Sensitivity analysis determines how changes in model parameters or inputs affect model outputs, identifying which parameters most strongly influence the system's behavior. Local sensitivity analysis computes partial derivatives of outputs with respect to individual parameters near a specific operating point. Global sensitivity analysis (Sobol indices, Morris screening) explores the full parameter space, accounting for interactions between parameters and nonlinear effects.

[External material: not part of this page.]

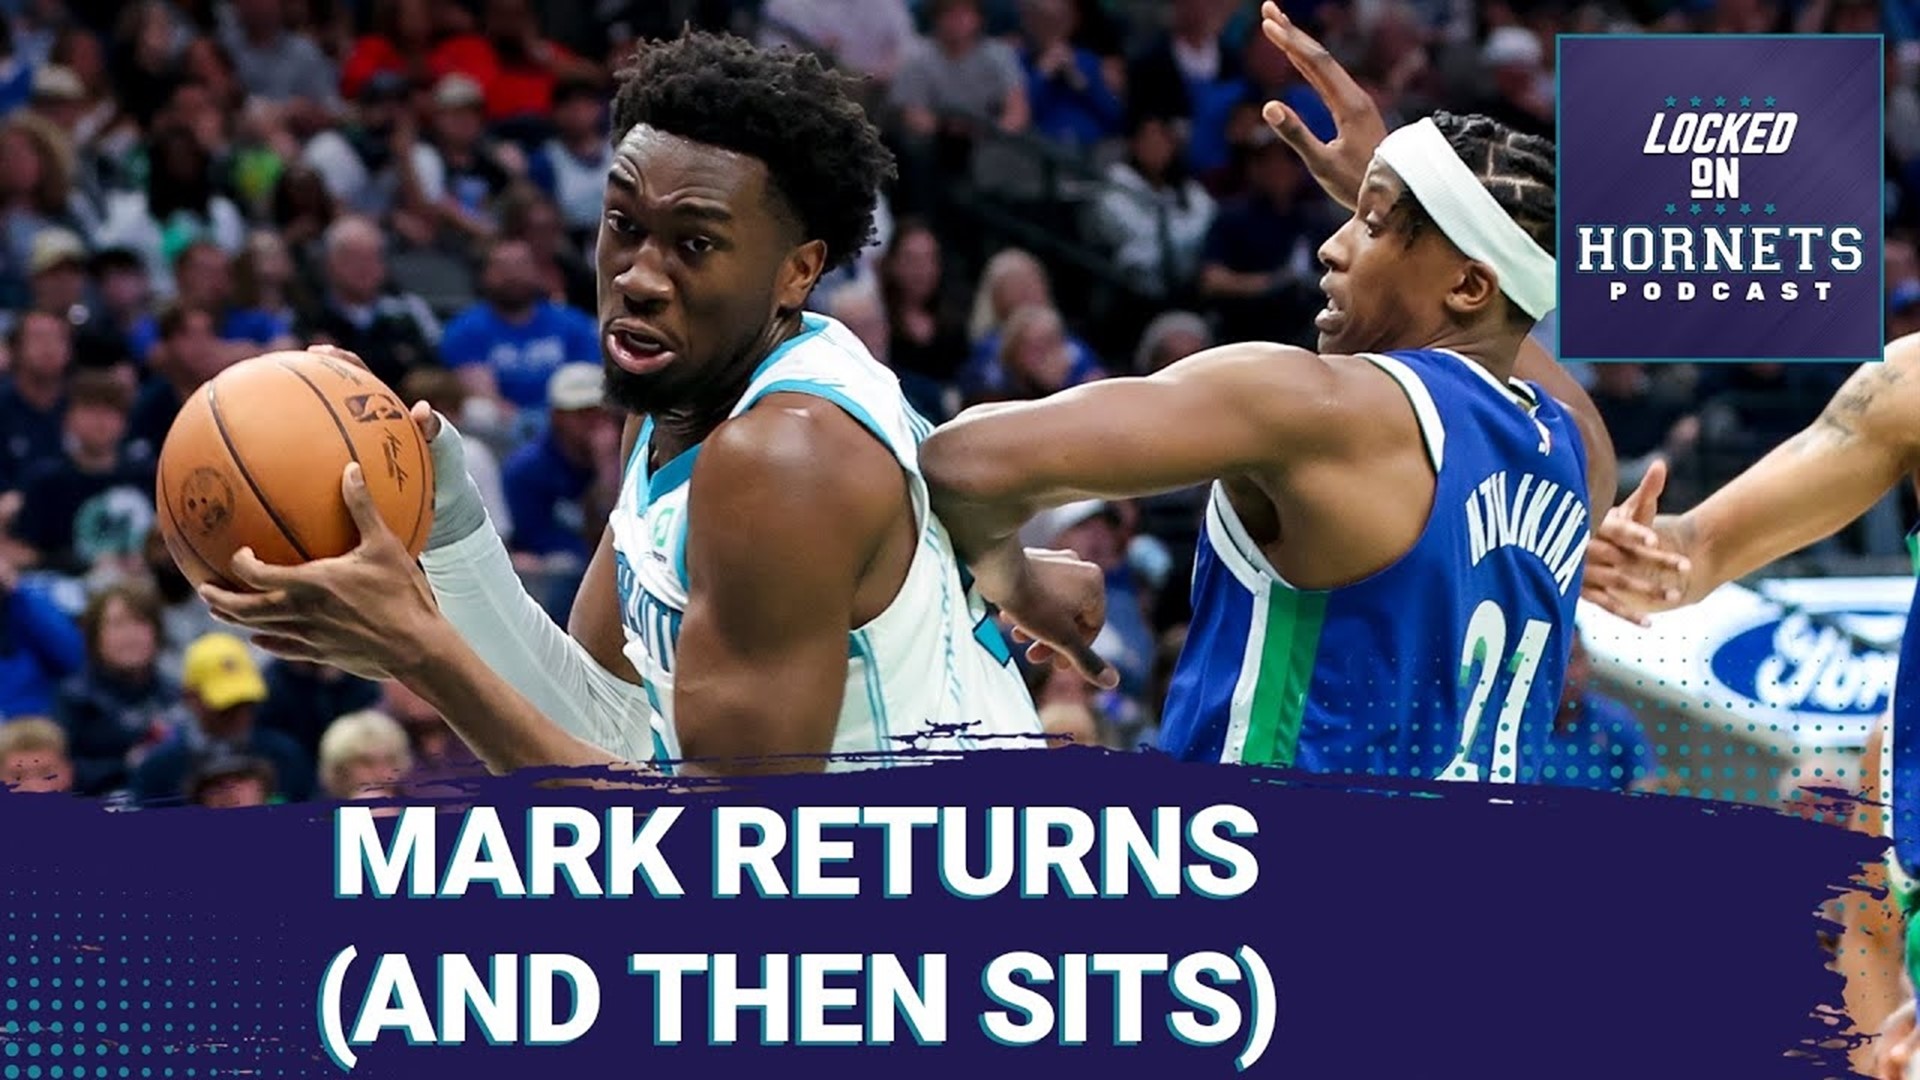 Mark Williams returned from a thumb injury over the weekend and performed well against the Mavericks.
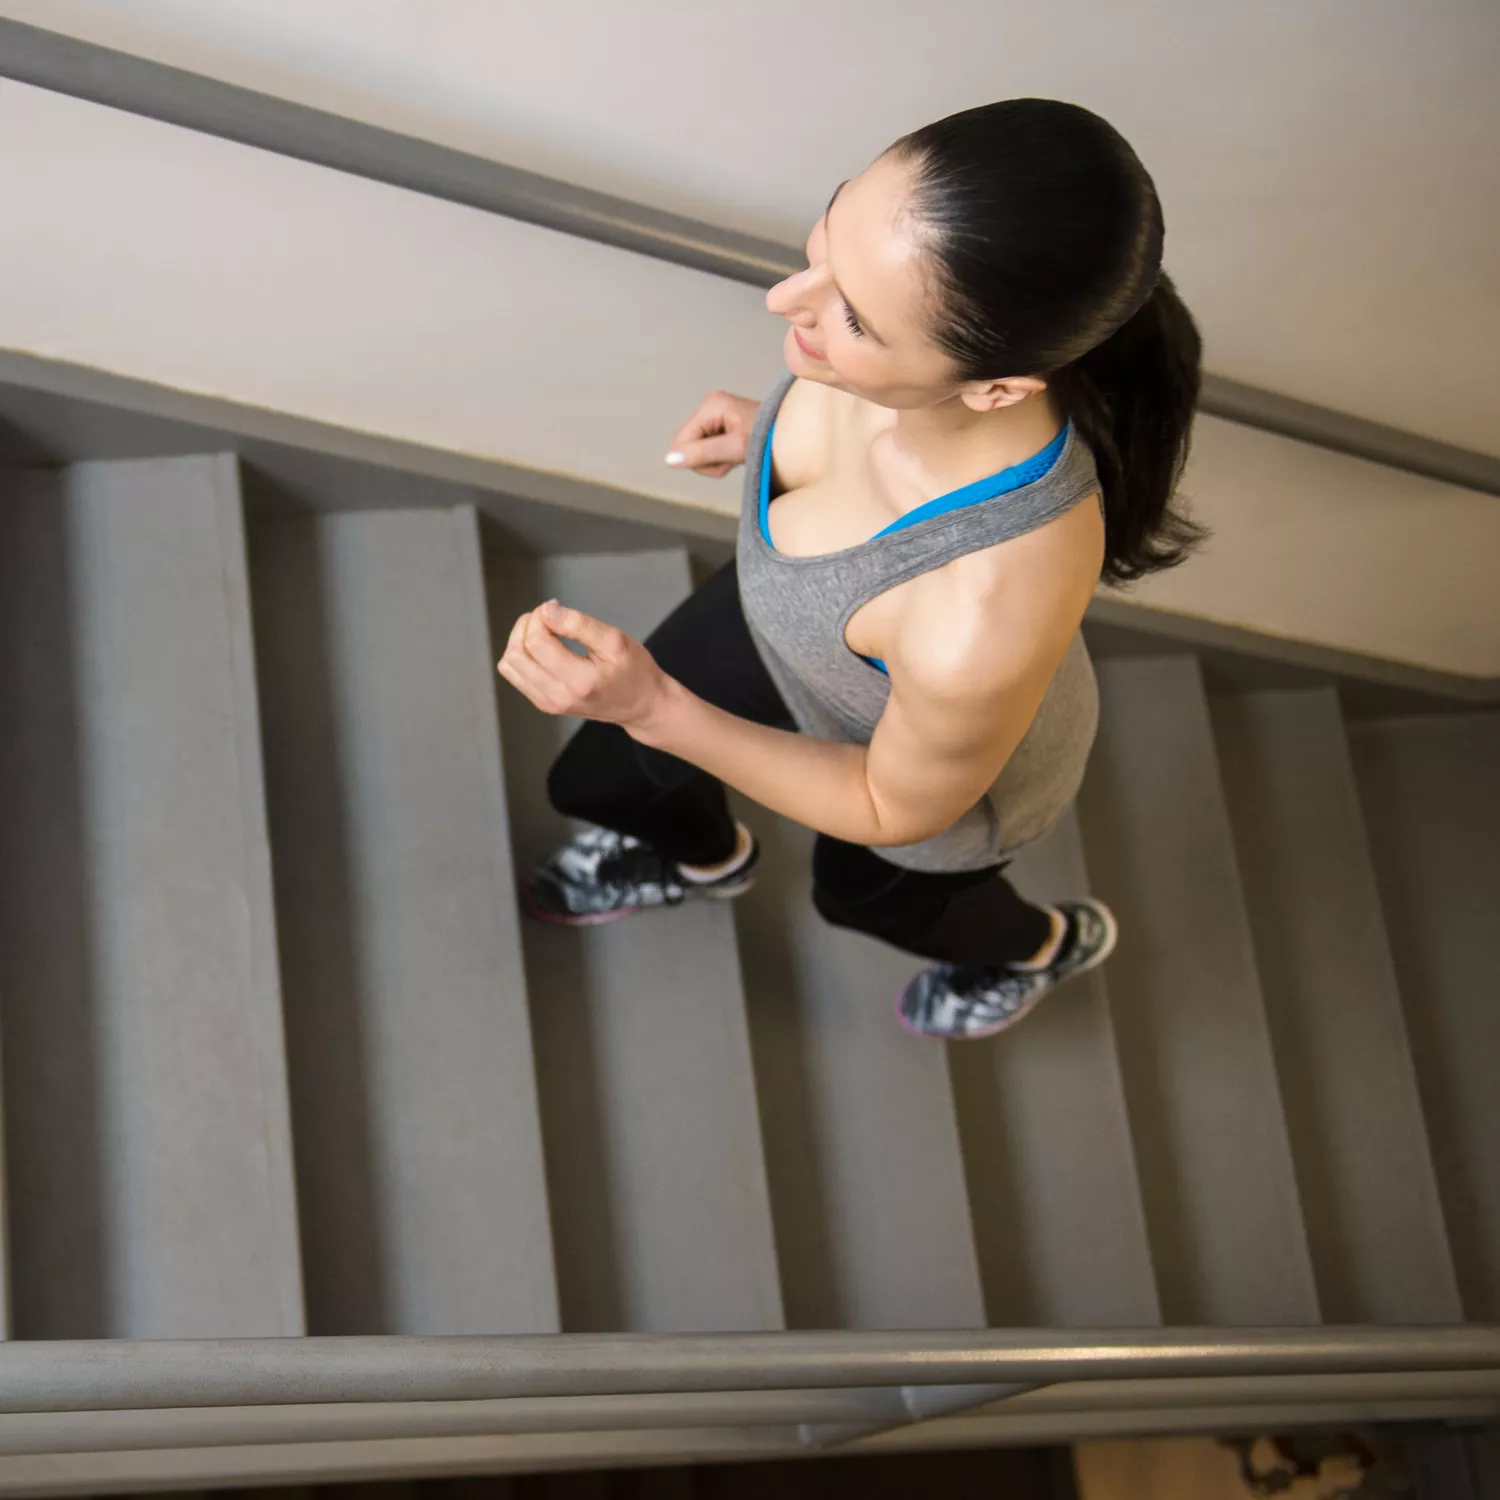 Stairs workout, stair exercises at home - trainer intro/warm-up (woman working out on stairs inside)

In metabolic systems, metabolic control analysis (MCA) formalizes sensitivity as flux control coefficients and elasticity coefficients. Sensitivity analysis guides experimental design (measure the parameters that matter most), identifies drug targets (the most sensitive nodes in disease networks), and reveals which model predictions are robust versus parameter-dependent.
Every systems biology model, whether an ODE model of signaling dynamics or an FBA model of metabolism, depends on parameters whose values are uncertain. Sensitivity analysis asks: which of these uncertain parameters actually matter for the model's predictions? If the model output barely changes when a parameter varies over its plausible range, that parameter can be fixed at a nominal value without loss. If the output changes dramatically, that parameter is a priority for experimental measurement — and a potential point of biological control or therapeutic intervention.
Local sensitivity analysis is the simplest approach: compute the partial derivative of the output with respect to each parameter at the current operating point. For an ODE model, this can be done analytically (solving the sensitivity equations alongside the state equations) or numerically (perturbing each parameter by a small amount and observing the output change). The result is a sensitivity coefficient for each parameter that quantifies its local influence. In metabolic systems, this concept is formalized as metabolic control analysis (MCA), where the flux control coefficient C_i^J measures how much a fractional change in enzyme i's activity changes the flux J. The summation theorem (all flux control coefficients sum to 1) reveals that metabolic control is shared among enzymes, demolishing the concept of a single rate-limiting step.
Global sensitivity analysis goes further by exploring the entire plausible parameter range. Sobol indices decompose the total variance of the model output into contributions from individual parameters (first-order indices) and from interactions between parameters (higher-order indices). A parameter with a high first-order Sobol index drives substantial output uncertainty on its own; a parameter with a high total-order index (including interactions) may not matter individually but strongly modulates the effect of other parameters. Morris screening provides a cheaper alternative: it samples the parameter space with a design that estimates, for each parameter, the mean and variance of its elementary effect — classifying parameters as negligible (small mean, small variance), linearly important (large mean, small variance), or nonlinearly important or interacting (large variance).
The practical payoff of sensitivity analysis is threefold. For experimental design, it prioritizes which parameters to measure: invest limited experimental resources in the parameters that most influence model predictions. For drug target identification, the most sensitive nodes in a disease network model are the most promising therapeutic targets — perturbations at these nodes produce the largest phenotypic effects. For model robustness assessment, outputs that are insensitive to most parameters are reliable predictions even with uncertain parameter values, while outputs that are highly sensitive to poorly constrained parameters should be interpreted cautiously. Sensitivity analysis transforms a model from a black box into a transparent tool that communicates not just what it predicts, but how confident those predictions are and what drives the uncertainty.